The first sign of rebuilding became apparent two years ago, and have intensified since, the report says. On September 10, this year, Federal Bureau of Investigation Director Robert S Mueller told the US Congress that Al Qaeda's 'mergers with regional groups…  have created a more diffuse violent Islamic extremist threat that complicates the task of detecting and deterring plots against the homeland.'

The report cites US officials as saying the new liaisons combine Al Qaeda's money, training, finely honed tactics and muscle with the widespread support and participation that the local groups enjoy within their communities. For the local groups, the cachet of aligning themselves with the Al Qaeda brand is in itself sufficient to say yes to the alliance.

The LA Times cites the example of the Islamic Maghreb, an extremist group previously known as the Salafist Group for Call and Combat, known by the French acronym GSPC. On September 11, 2006, Al Qaeda number two Ayman al-Zawahiri announced that the group had became Al Qaeda's affiliate in the North African region to become 'a bone in the throat of the American and French crusaders'.

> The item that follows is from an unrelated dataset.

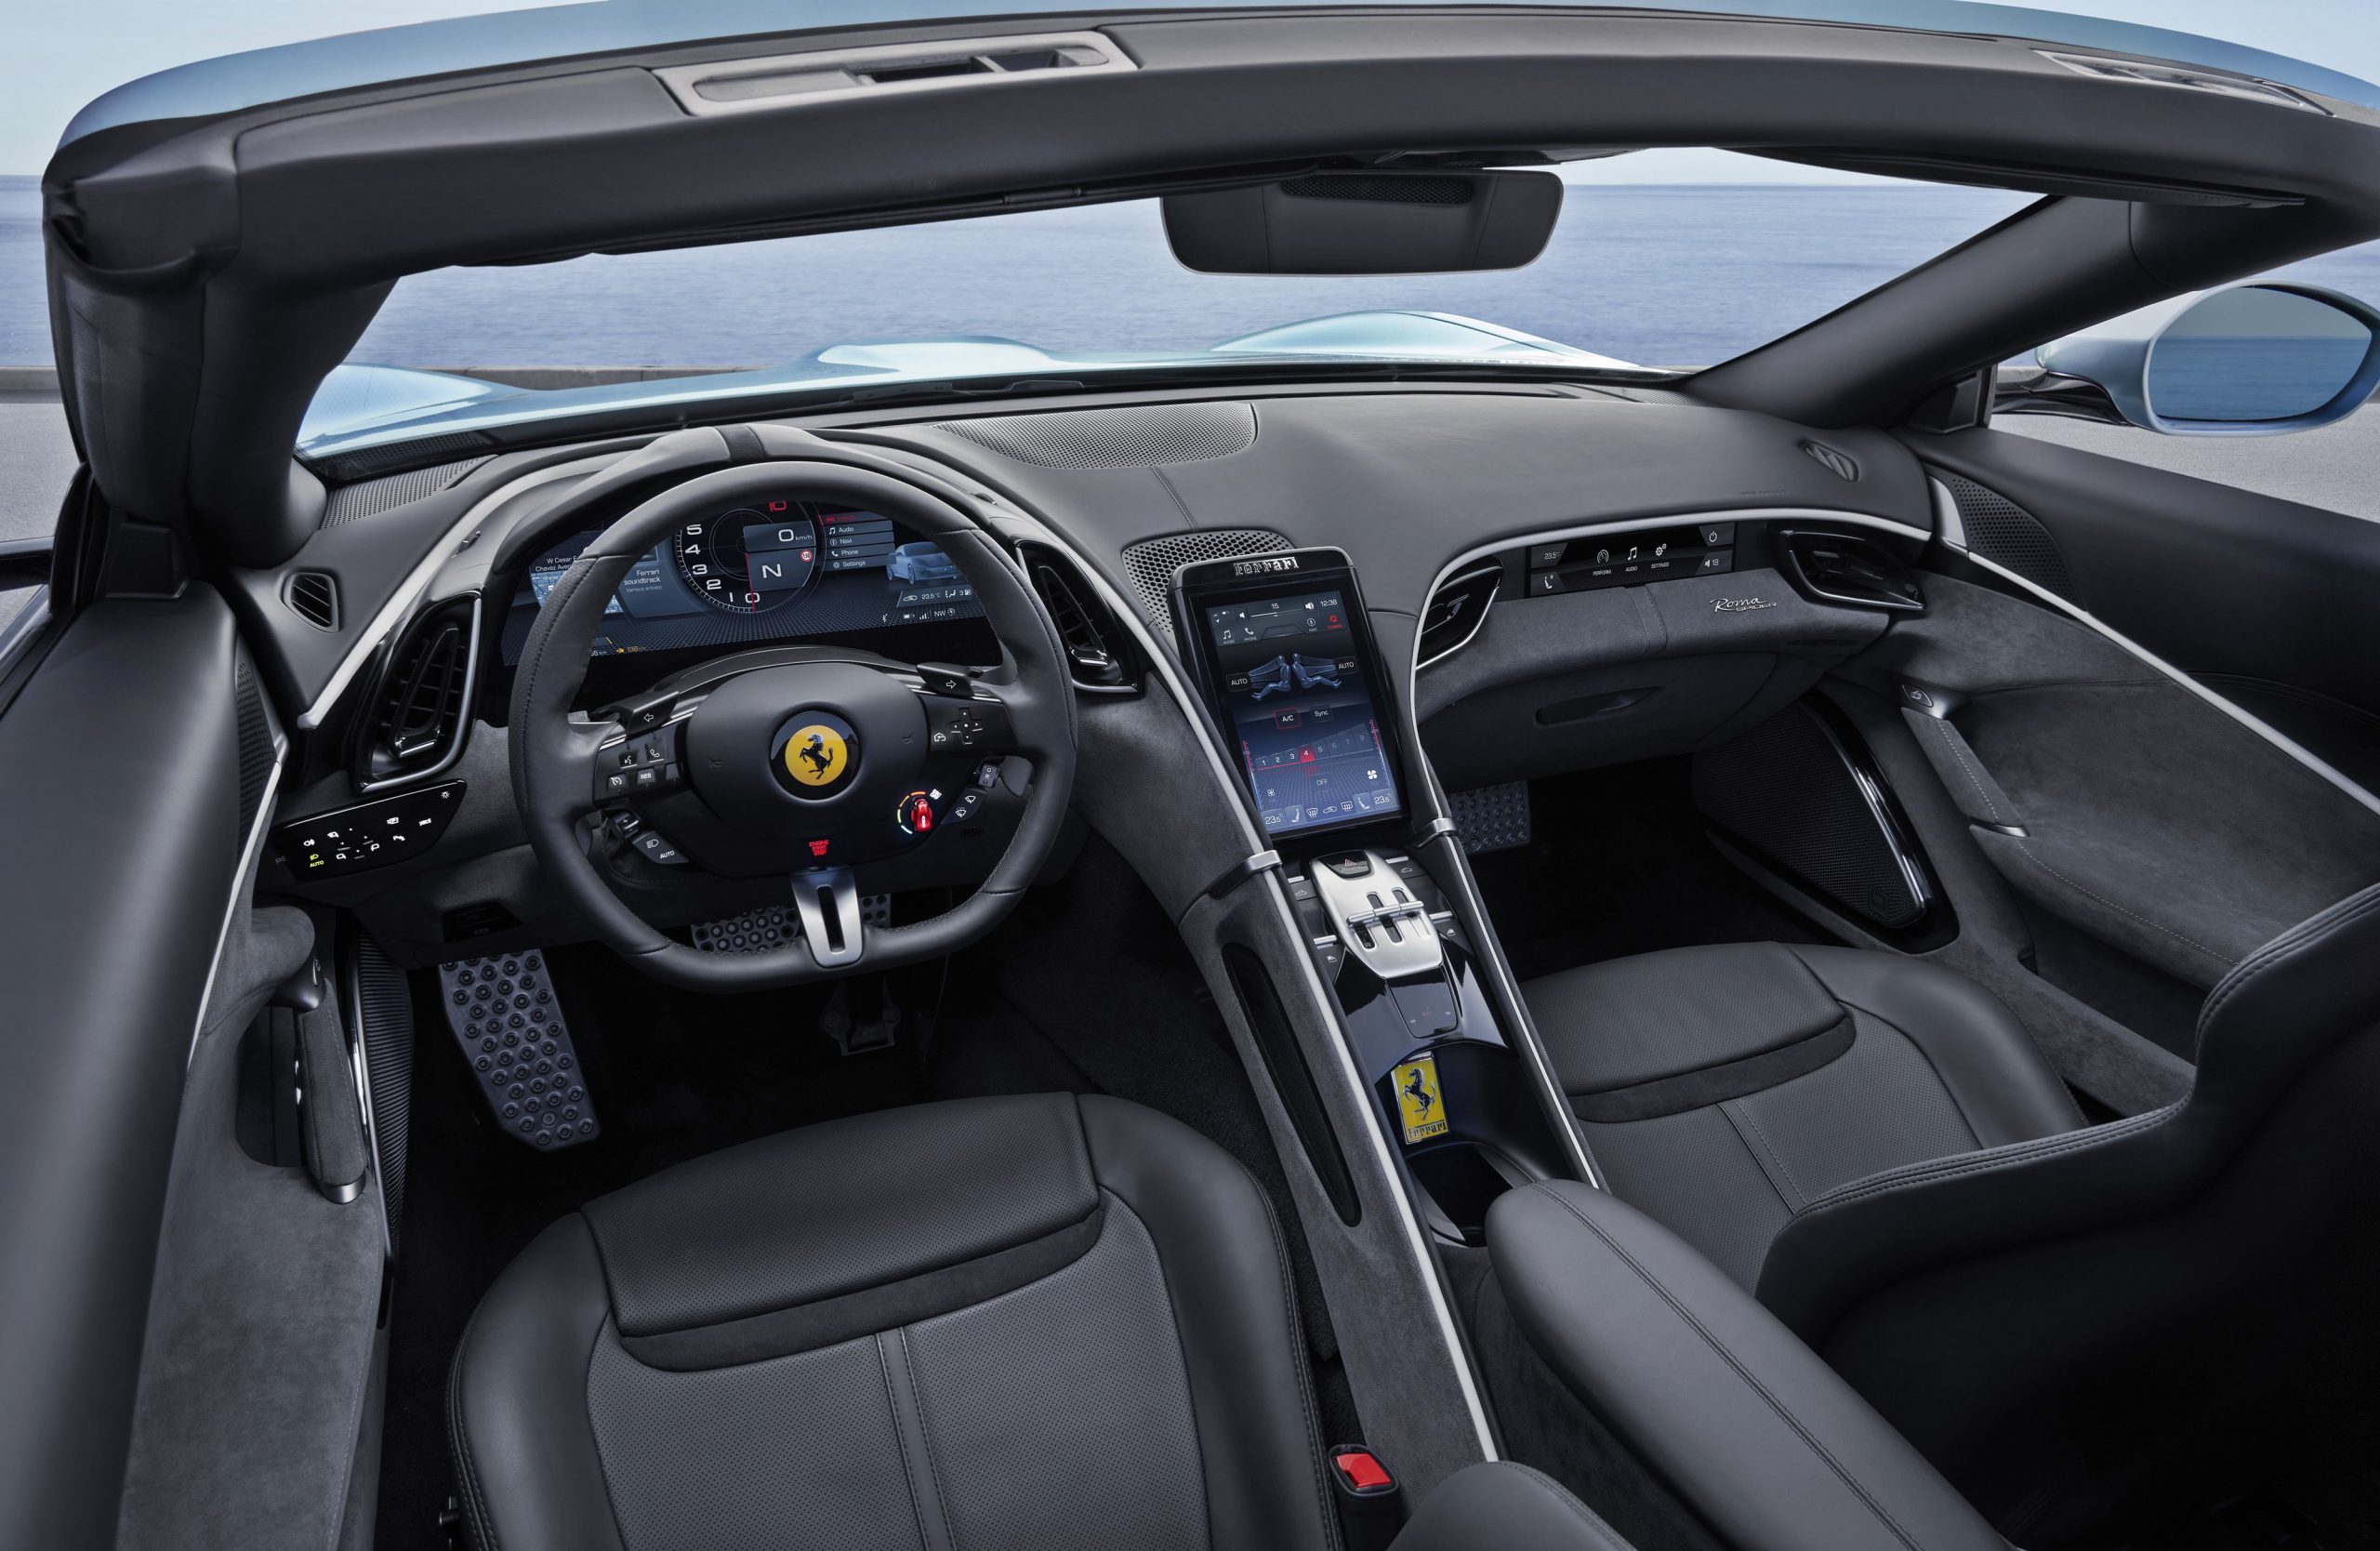 ferrari roma spider – a soft-top convertible from ferrari after 18 years
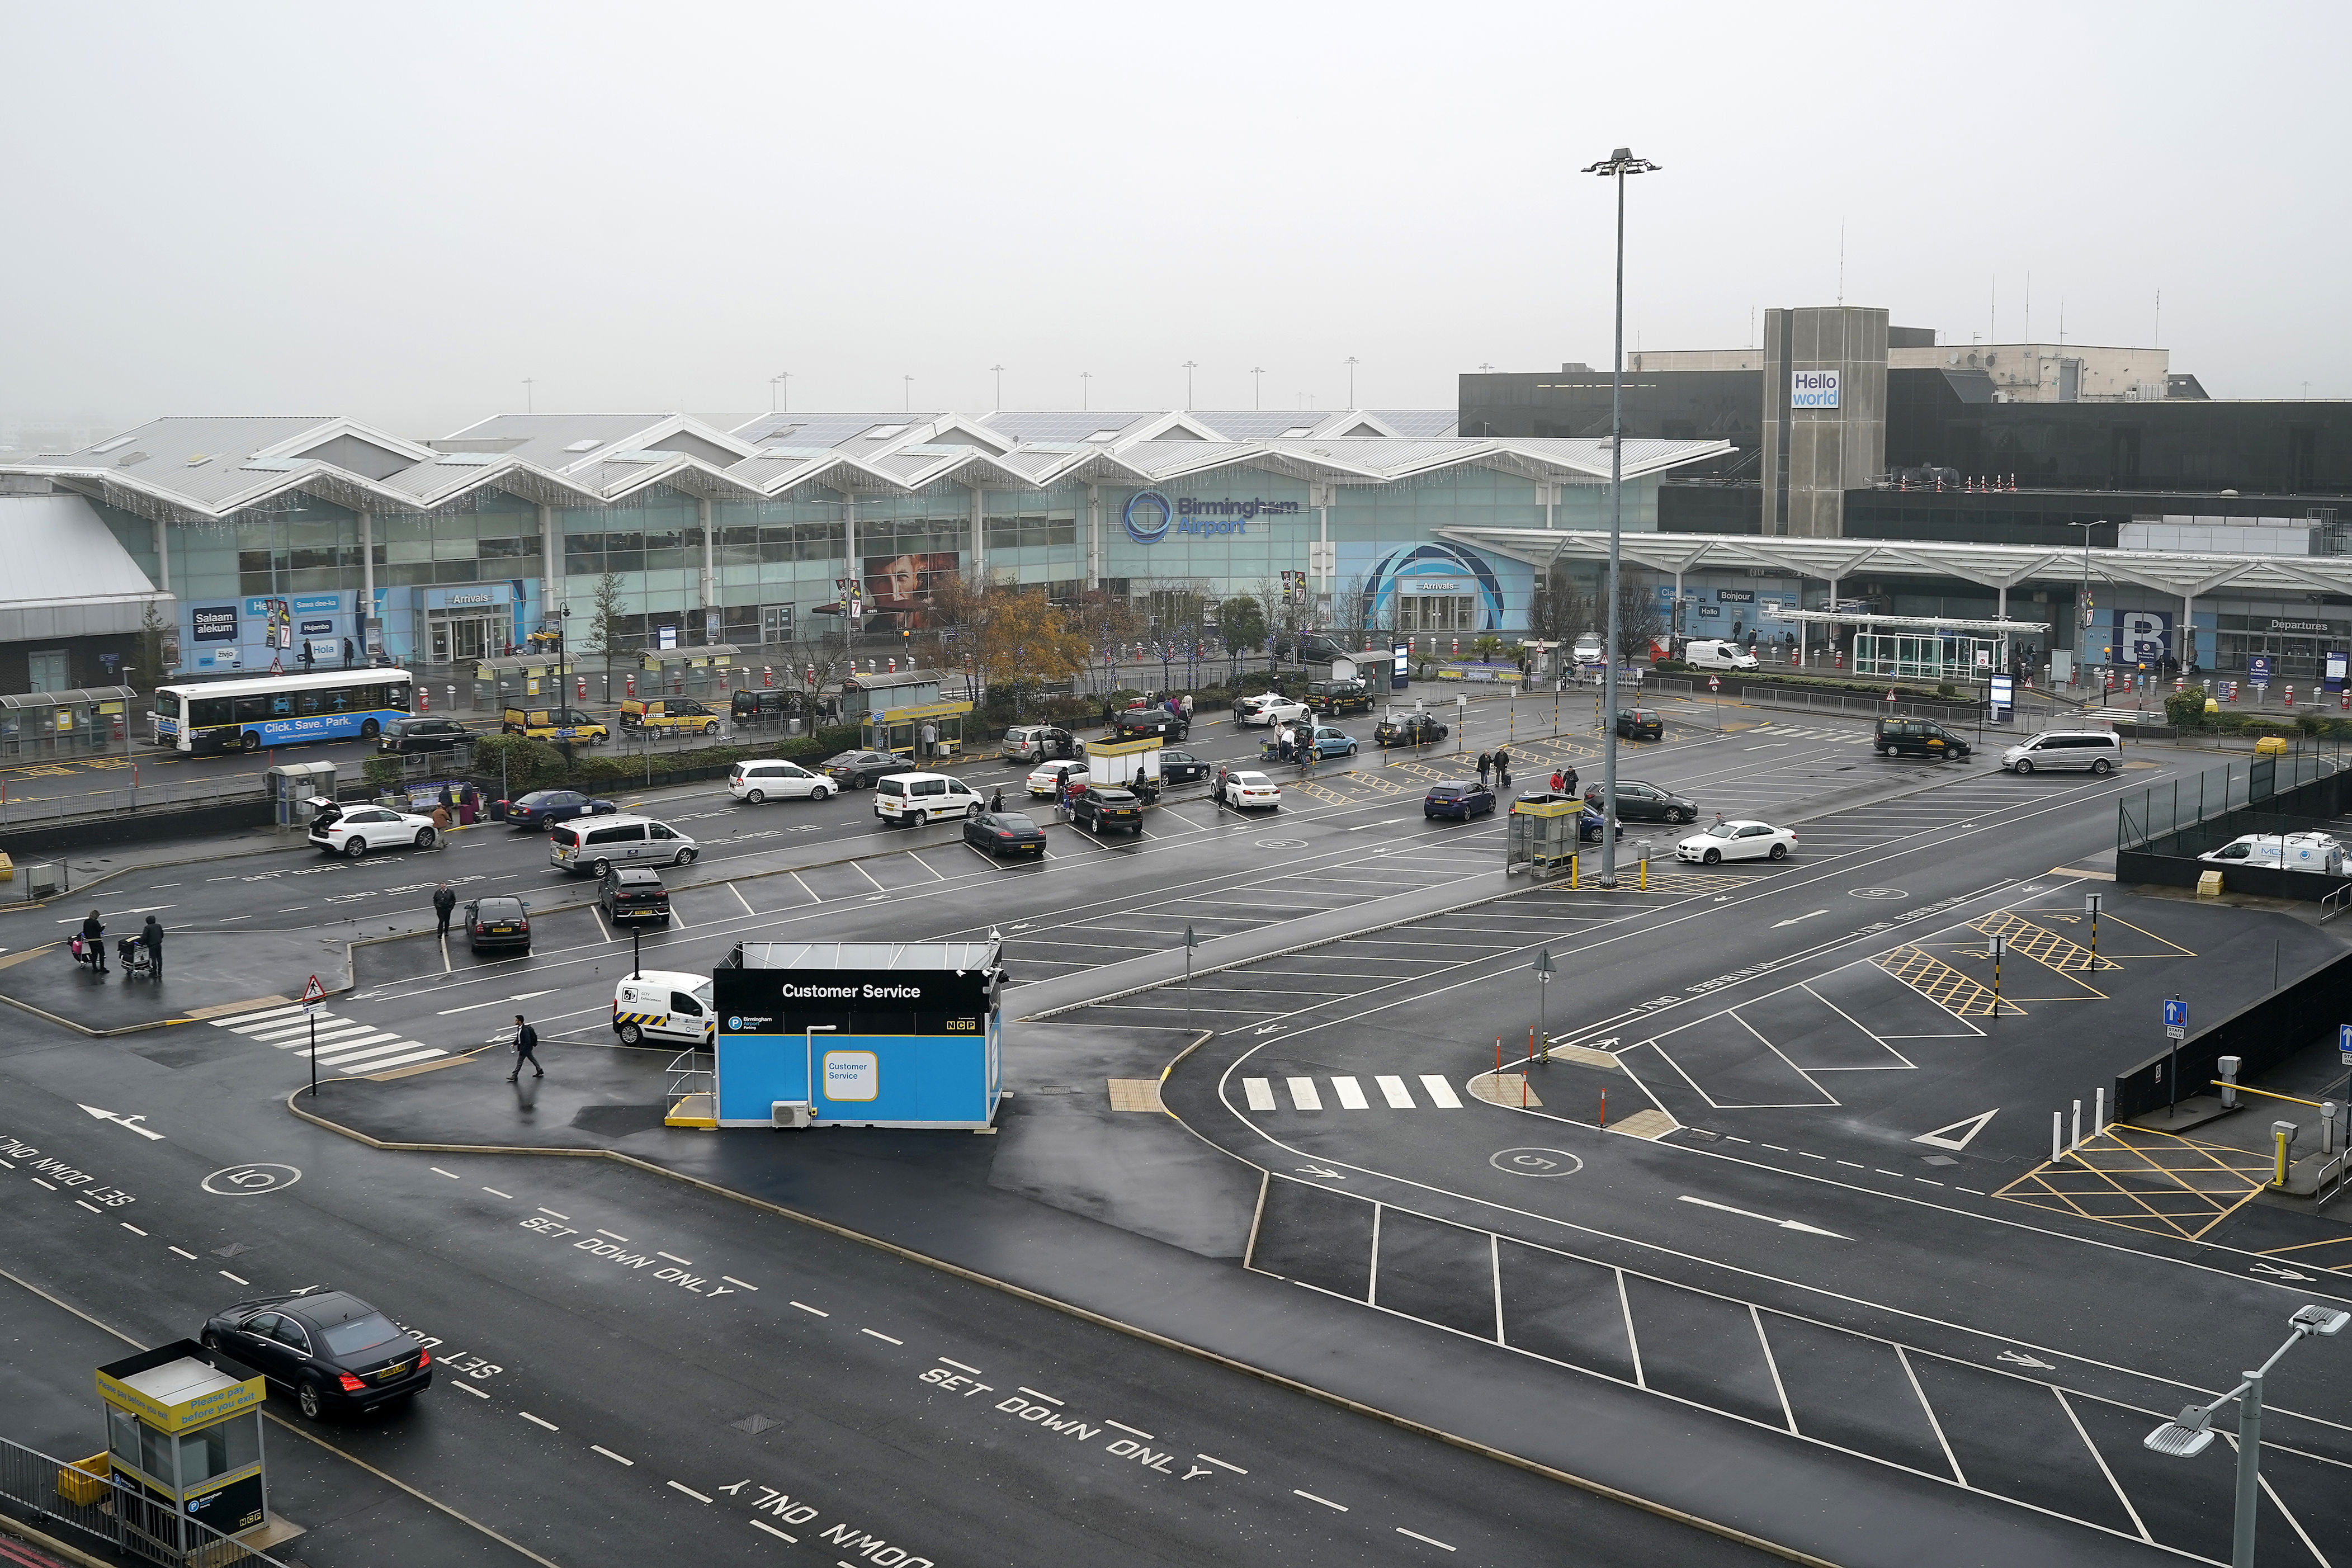 birmingham airport suspends operations after suspicious device found on aer lingus flight to belfast

The case is classic because the GSPC had manpower but no arms, training or money; thanks to the tie up with Al Qaeda, the group now has access to all of this, and has thus become infinitely more dangerous.

This is reflected in the fact that the Islamic Maghreb has in recent times launched as many as four attacks a week, mostly suicide bombings against Western targets and political enemies.

In some quarters, however, Al Qaeda's expansion efforts have encountered resistance -- in Southeast Asia and Iraq, for instance. In the latter country, Al Qaeda attempted to exert control over foreign fighters, sending Abu Ayyub Masri from Pakistan after Abu Musab Zarqawi, the leader of a group calling itself Al Qaeda in Iraq, was killed in a US airstrike last year.

Despite that, says the LA Times, Al Qaeda hasn't managed to make much headway; in fact, some local tribal leaders have allied themselves with the US military to counter the group's advances.

Elsewhere, Al Qaeda is in negotiations with the Palestinian group Army of Islam in the Gaza Strip, and with Fatah al Islam, until recently was based in the Palestinian refugee camp of Nahr el Bared in north Lebanon, the report says, adding that Al Qaeda is interested in forging alliances with similar groups in Lebanon, Jordan and other neighbors of Israel.

Al Qaeda is also attempting, with mixed results, to gain a stronger foothold in Egypt, which has a large recruiting pool of militants already sympathetic to al-Zawahiri, Bin Laden's chief deputy and the man, intelligence experts are quoted as saying, driving the current rebuilding effort.

These moves are creating strange bedfellows. For instance, Al Qaeda has been negotiating with the Libyan Islamic Fighting Group, and the fact of Al Qaeda fighters showing up in Libya has forced Moammar Qadafi to reinvent himself as a counter- terrorism ally of the United States.

On another front, Al Qaeda is believed to be forging alliances with Somalian militants fighting the US-backed transitional government, and also in Yemen, Bin Laden's ancestral homeland.

The LA Times report is scary for how Al Qaeda is bringing the best practices of business to the job of running a terrorist network, and for the large scale mayhem such alliances could trigger across the world.